2.3. Factores de riesgo de caídas
2.3.2. Factores extrínsecos
Los diferentes documentos consultados en torno al tema, consideran factores extrínsecos aquellos que dependen del ambiente y de la actividad que se desarrolla en el momento de la caída. Los factores ambientales son muy numerosos y aunque pueden ser identificados hasta en el 55% de las caídas, actúan de forma habitual como factores precipitantes de las caídas. Así, los factores extrínsecos hacen referencia a la actividad que desarrollaba el mayor en el momento de la caída, y el entorno en el que se ha producido la misma.

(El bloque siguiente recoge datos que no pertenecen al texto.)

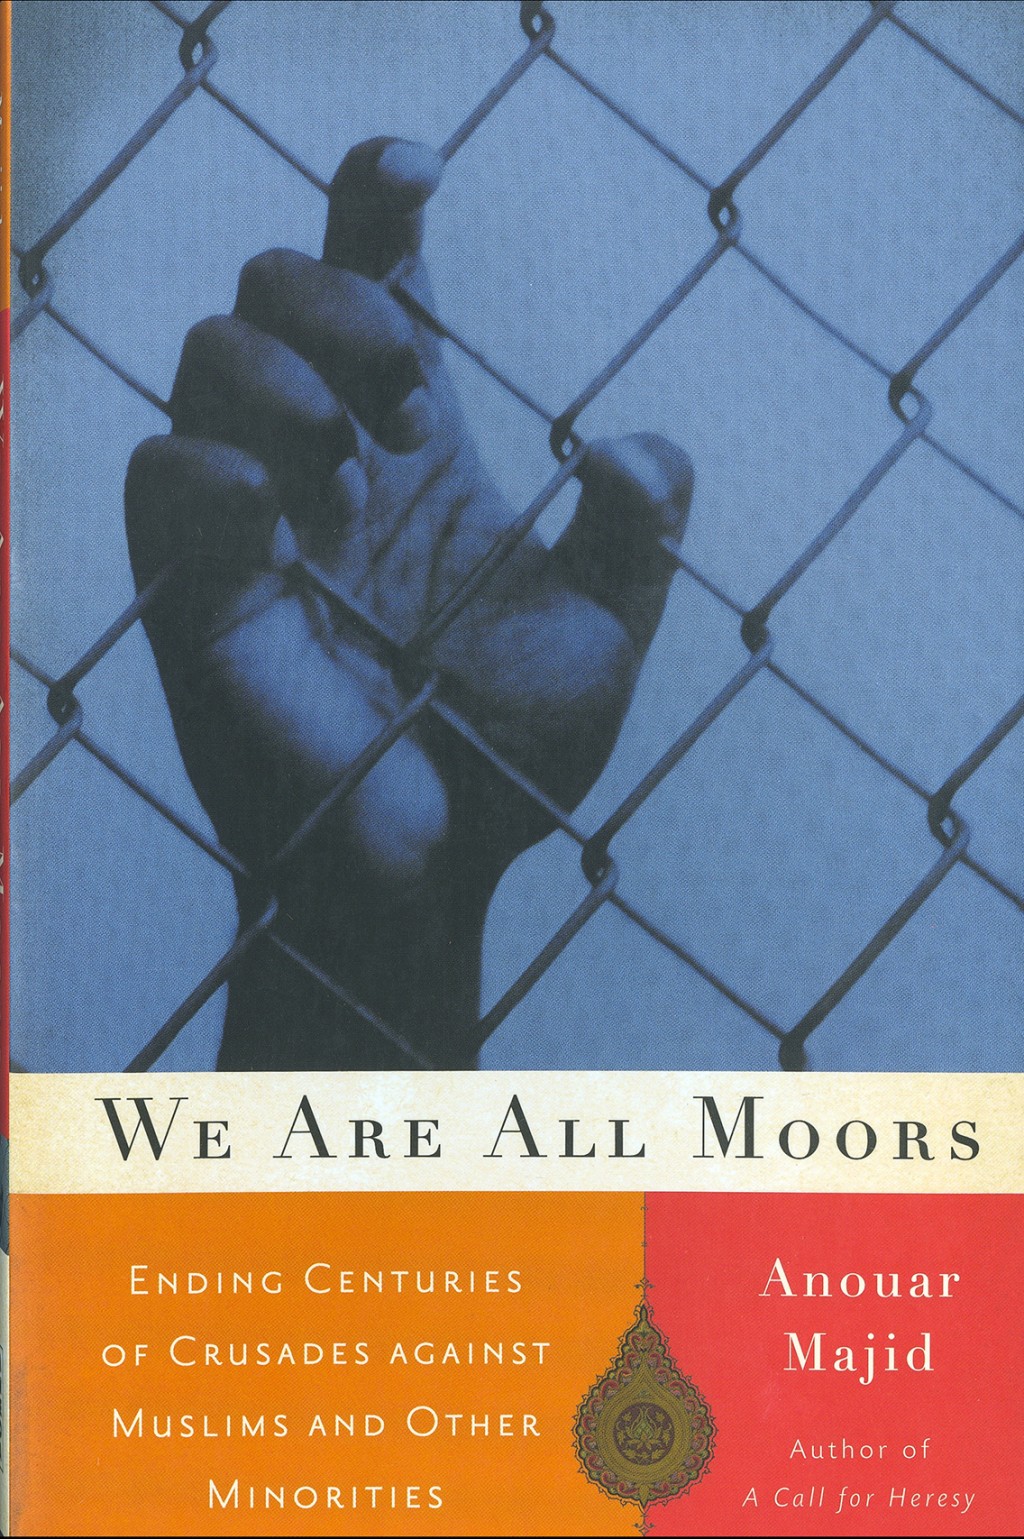 "We Are All Moors" book cover in English
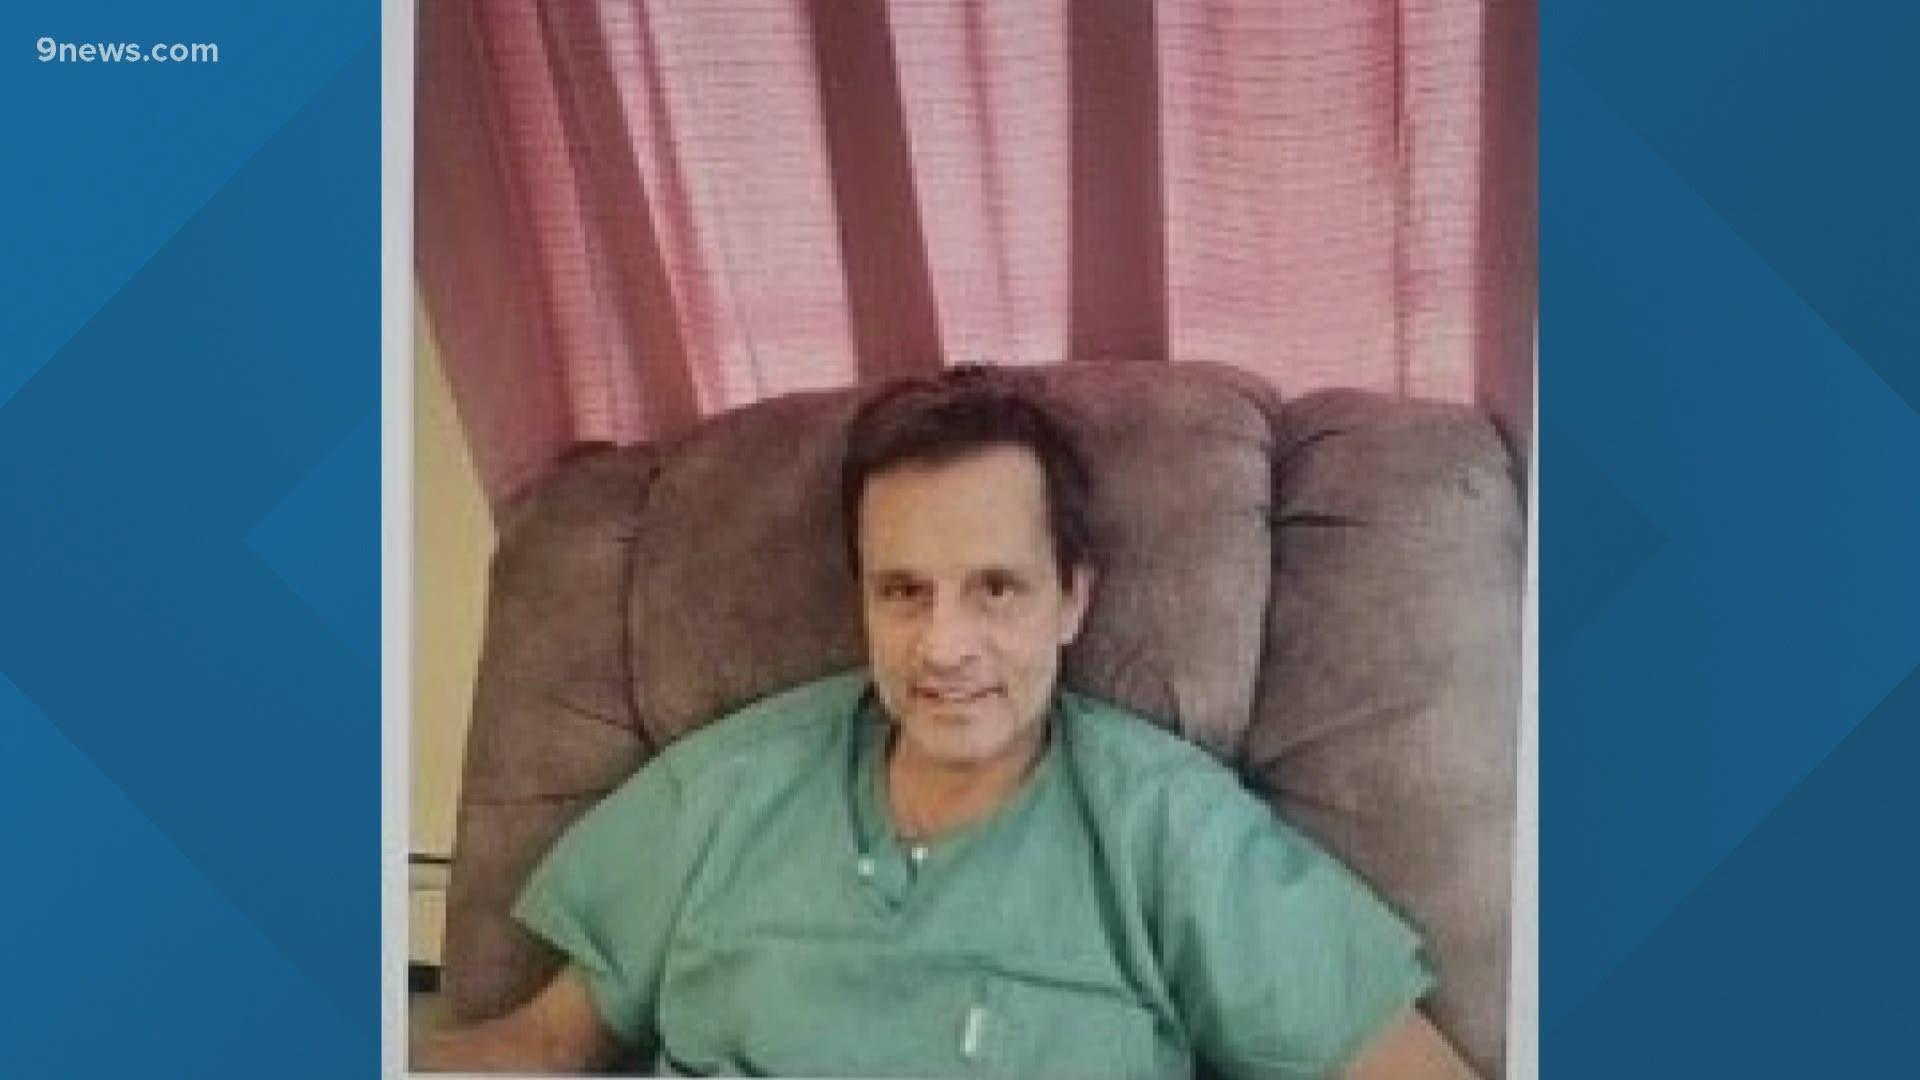 They say he was last seen Thursday when he wandered away from a care facility in Castle Rock  and may have gotten a ride from someone.

La mayoría de las caídas acontecen durante las actividades cotidianas habituales, ya que sólo en un 5% de los casos pueden producirse en actividades poco habituales. En cuanto al
entorno del mayor, son bien conocidos los factores que con mayor frecuencia intervienen, en relación éstos con las características de la vivienda y el entorno inmediato, los espacios comunes o públicos, las características de la vía pública y los medios de transporte(27,61,62,73), entre otros que se detallan a continuación.
Cabe añadir dentro de la clasificación aquellos factores extrínsecos relacionados con el aislamiento social del sujeto, el déficit de soporte social (61,62,73) y factores iatrogénicos como el consumo de fármacos, sin obviar el papel que juega el alcohol como factor precipitante de caídas(27).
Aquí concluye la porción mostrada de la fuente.